After a few runs, let RaagDosa suggest improvements:

```bash
raagdosa learn
```

Analyses your Review folders, identifies patterns (common suffixes causing low confidence, folders with no tags, threshold calibration), and proposes specific config changes. You choose which to apply.

---

## Folder routing logic

| Condition | Destination |
|-----------|-------------|
| Confidence ≥ threshold, not a duplicate | `Clean/Albums/Artist/Album/` |
| Confidence < threshold | `Review/Albums/` |
| Same proposed name appears twice in this run | `Review/Duplicates/` |
| Already exists in Clean (manifest or disk scan) | `Review/Duplicates/` |
| Tags absent, name derived from folder heuristic | `Review/Albums/` |
| Too many unreadable files | `Review/Albums/` |

---

## DJ workflow notes

**Before your library overhaul:** RaagDosa will detect Rekordbox and Serato database files in your source folders and warn you. Moving or renaming files will break existing analysis data (hot cues, waveforms, beatgrids).

**Recommended workflow:**
1. Run RaagDosa to clean your library structure
2. Re-import your Clean library into Rekordbox/Serato from scratch
3. Re-analyse tracks

This is intentional — you're building a new, clean library foundation, not patching the old one.

**FLAC segregation** (`library.flac_segregation: true`) places all-FLAC folders under `Artist/FLAC/Album/` instead of `Artist/Album/`, keeping your archival masters physically separate from MP3 working copies.

---

## Stopping mid-run

- **Ctrl+C once** — finishes the current folder, then stops cleanly. State is logged; use `raagdosa resume <session_id>` to continue.
- **Ctrl+C twice** — immediate force stop. Partially moved folders are left in place.

---

## Safety

- **Copy-verify-delete** — files are copied to destination, verified by file count and total byte size (optionally MD5 checksum), then source is deleted. Never a raw move.
- **Manifest** — every folder committed to Clean is recorded in `logs/clean_manifest.json`. Used for cross-run duplicate detection and `verify`.
- **History log** — every action is appended to `logs/history.jsonl`. Full undo support by session, action ID, or original path.
- **Path traversal protection** — proposed destination paths are validated against allowed roots before any move is executed.
- **Disk space pre-check** — aborts if destination has less than 110% of source size available.

---

## Troubleshooting

**"Could not build a proposal"**  
The folder has no readable tags and the folder name doesn't match any known pattern. Use `raagdosa show "/path/to/folder"` to see exactly what was found. Fix with a tag editor (MusicBrainz Picard, beets) and re-run.
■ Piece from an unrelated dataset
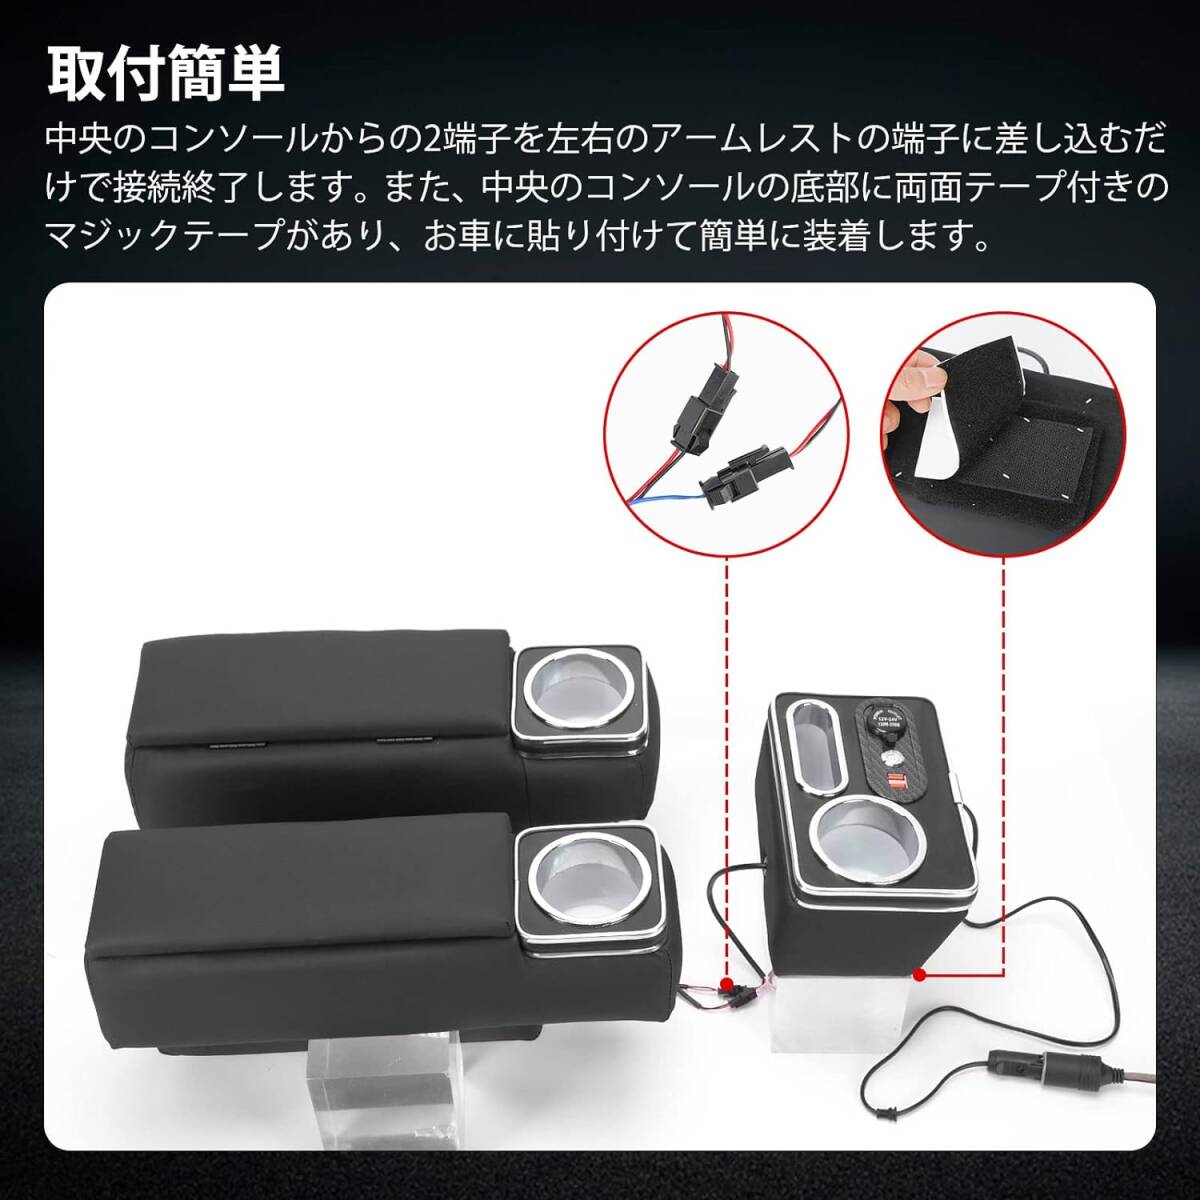 ハイエース 200系 アームレスト コンソールボックス 肘置き LED レザー USBポート シガーケット 3個セット 運転席を自分好みにカスタマイズ

**Everything going to Review**  
Run `raagdosa learn` after a few sessions. It will identify the most common reasons and suggest config changes. Common fixes: lower `min_confidence_for_clean`, add suffixes to `strip_common_suffixes_for_voting`.
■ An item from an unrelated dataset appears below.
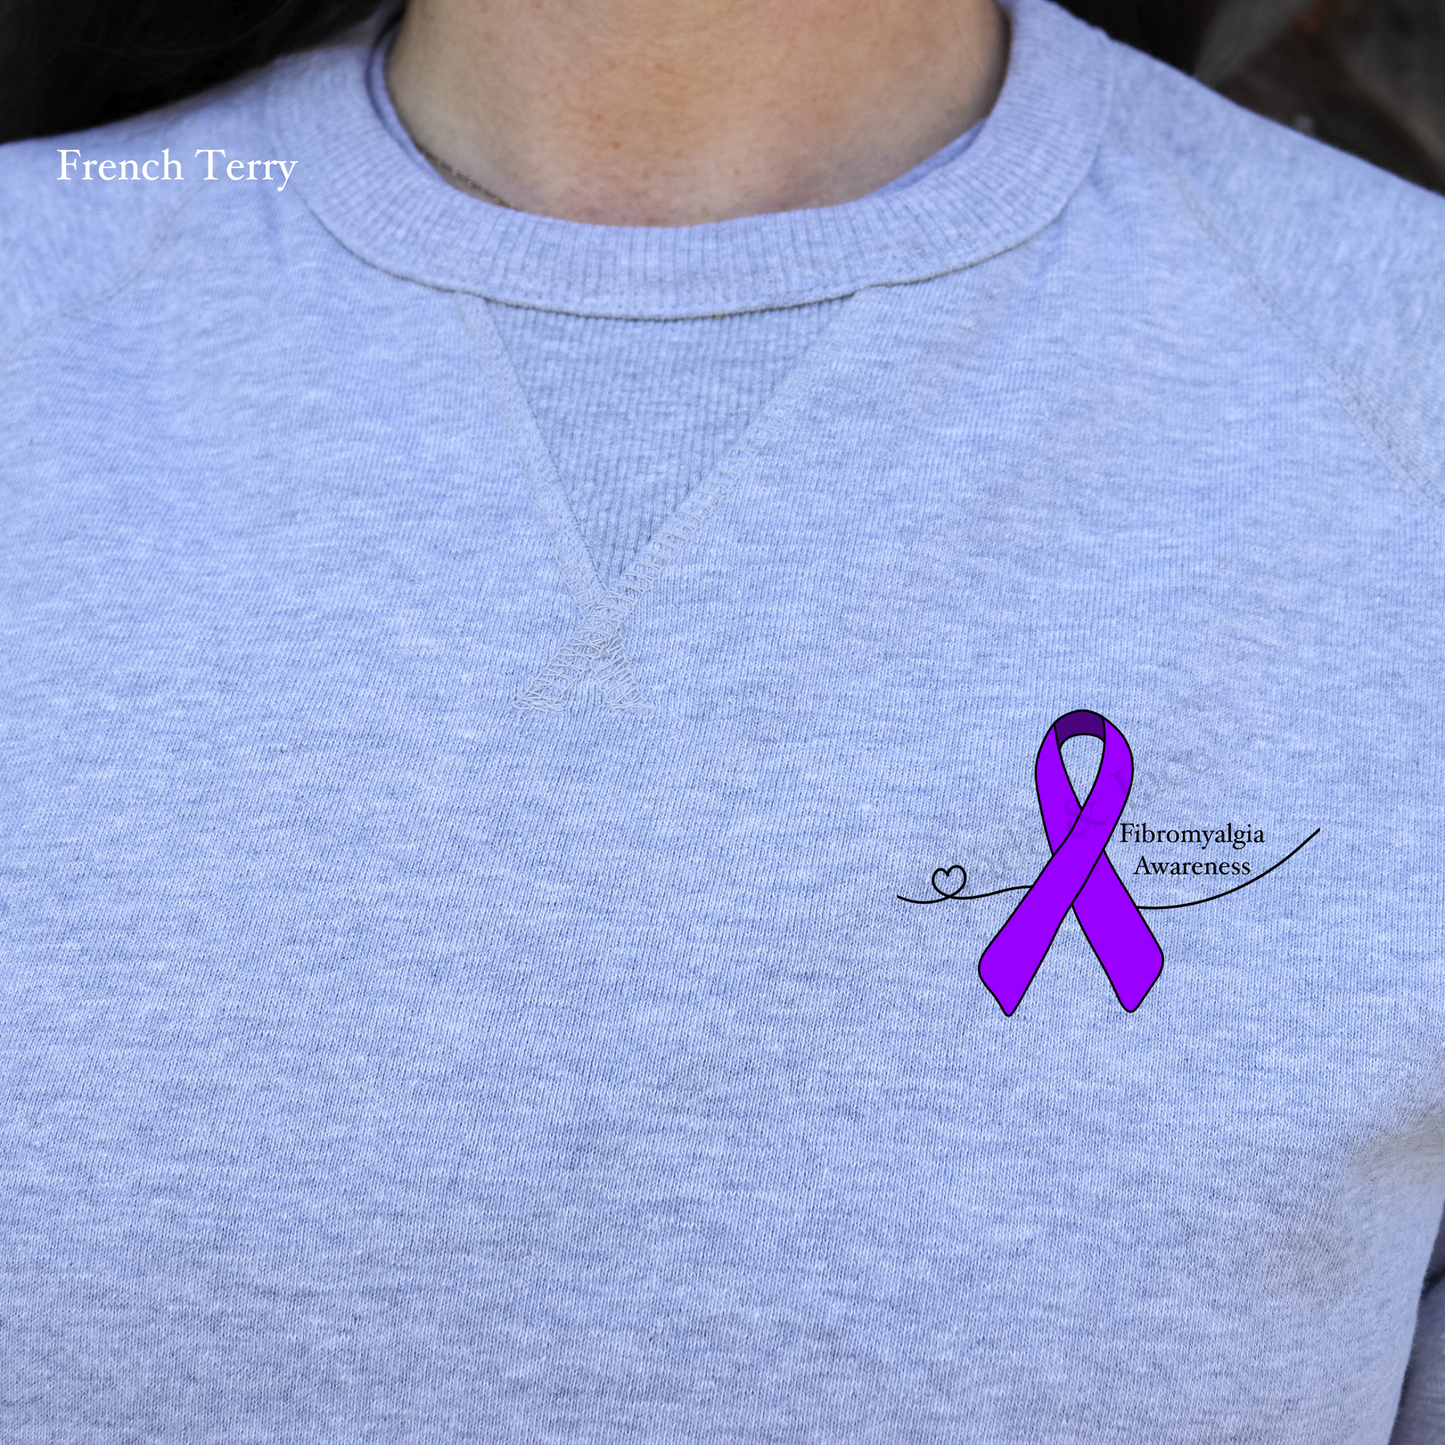 Fibromyalgia Awareness Crewneck Sweatshirt

**Artist names creating multiple folders**  
Add entries to `artist_normalization.aliases` in config.yaml. Example:
```yaml
aliases:
  "jay z": "Jay-Z"
  "jayz":  "Jay-Z"
```
Then re-run `raagdosa go`.

**Wrong year on folder names**  
Raise `year.require_presence_ratio` or `year.agreement_threshold` in config to be more selective, or set `year.enabled: false` to disable year entirely.

---

## License

MIT — see [LICENSE](LICENSE).

---

## Contributing

Issues and PRs welcome. Please open an issue before starting significant work to discuss the approach.